Мария влюблялась дважды: последний раз — когда ей было двадцать два, то есть десять лет назад; первый раз — в двенадцать лет — она влюбилась в мужчину лет на двадцать старше себя, но однажды он появился у них в доме с молодой женой (это было еще при жизни отца Марии), и, пока все их поздравляли, ее маленькое сердце сжалось и перед глазами закружились он и его жена, отец, комната, весь мир. Вторая и последняя ее любовь была к инженеру по имени Эсекьель, высокому, худому, почти лысому молодому человеку, с которым она познакомилась случайно и которого потом видела всего шесть раз, да и то всегда в окружении людей, стоящих гораздо выше ее по общественному положению; он же хотел просто немного повеселиться. Из этих двух неудачных увлечений Мария, и так пессимистка по натуре, вынесла неколебимое и горькое представление о любви, которое презрительной ноткой проскальзывало в ее отнюдь не сентиментальных разговорах с иными тоже незамужними приятельницами, угадывалось в скептической улыбке, с которой она наблюдала за финальными поцелуями в кино, да еще в мстительной привычке — позволить заинтересовавшемуся ею мужчине подойти к ней, чтобы потом резко и с ледяным равнодушием его оттолкнуть. Но Мария была женщиной, да к тому же в годах, а поэтому вопреки всему была готова еще раз склониться перед любовью, если она придет, и принять ее всем своим существом. Она верила, что наступит праздник ее любви и она его встретит, как встречают блудного сына, который сам натерпелся и заставил страдать других: смехом и слезами, великолепными кусками жаркого и самыми лучшими домашними сладостями, замешанными на прежних разочарованиях.

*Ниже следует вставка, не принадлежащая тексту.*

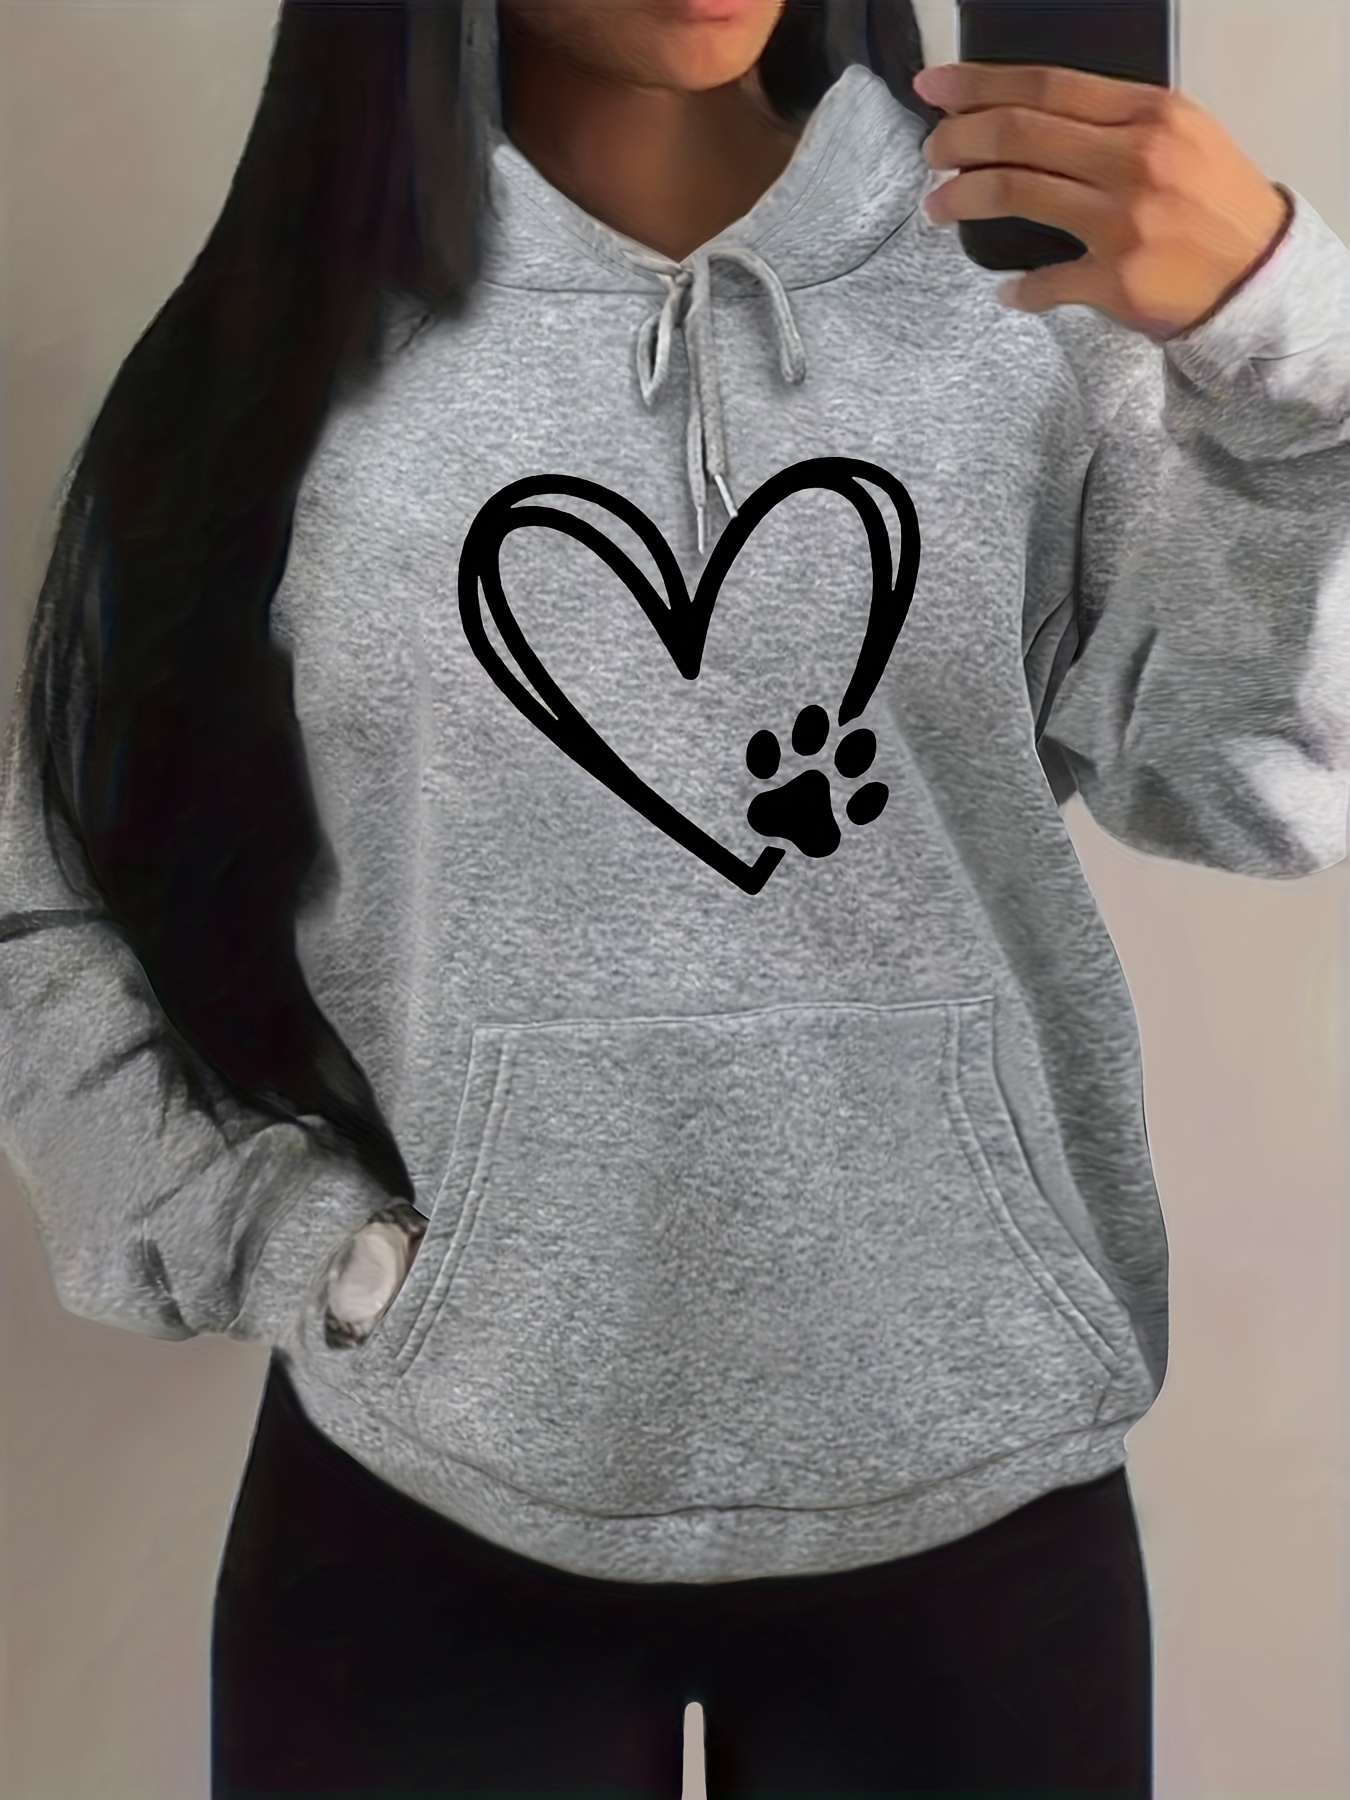 Dog Paw Heart Printed Sweatshirts for Women Waffle Knit Cute Hoodies  Drawstring Pullover Tops Comfy Fall Clothes Outfits

Сантос, мужчина со смуглыми спокойными руками, пришелся ей по душе. Для нее он прежде всего был выходом из положения. К тому же он ей нравился. С самого начала что-то влекло ее к Сантосу и в то же время вдруг отталкивало, властно и неожиданно. Этот бывший тореро был невысок ростом, Мария была выше его сантиметров на десять. Но она чувствовала, что ни его рост, ни зрелый возраст тут ни при чем. И держалась с ним рассеянно, неприветливо, словно повинуясь суровой обязанности.

Сантосу было сорок шесть лет. Родился он в Ронде и уже восемнадцатилетним юношей в совершенстве владел искусством подбегать к быку с двумя деревянными палочками, украшенными цветами, и, склонившись к рогам, втыкать в Загривок животного бандерильи — прямо или наклонно, но обязательно, чтобы их острые концы очутились совсем рядом, — а потом бежать со всех ног, чувствуя дыхание быка у себя за спиной. Удар рогами, полученный двенадцать лет назад в Боготе, а затем, спустя семь лет, еще один в Барселоне сильно подорвали его здоровье. Со времени последней операции он иногда, особенно по ночам, чувствовал резкую боль в животе, равномерно вспыхивающую и угасающую, словно колебание маятника, который кто-то пускал в ход, дернув за тонкую прочную бечевку, но когда он ложился, если был на ногах, или, наоборот, вставал среди ночи, боль вскоре проходила. Только две раны — в Боготе и Барселоне — были тяжелыми, остальные удерживали его в по стели от двух до пяти дней, но и они постепенно делали свое дело, неотвратимое, как и потеря ловкости с годами. После второго ранения ни один матадор не взял себе Сантоса постоянным бандерильеро. Он жил в Мадриде и выступал когда придется; это составляло примерно пятнадцать коррид на обеих городских площадях за сезон, а за год — двадцать или двадцать три; и всего лишь семь за последний год, когда в его жизни появились грузовики.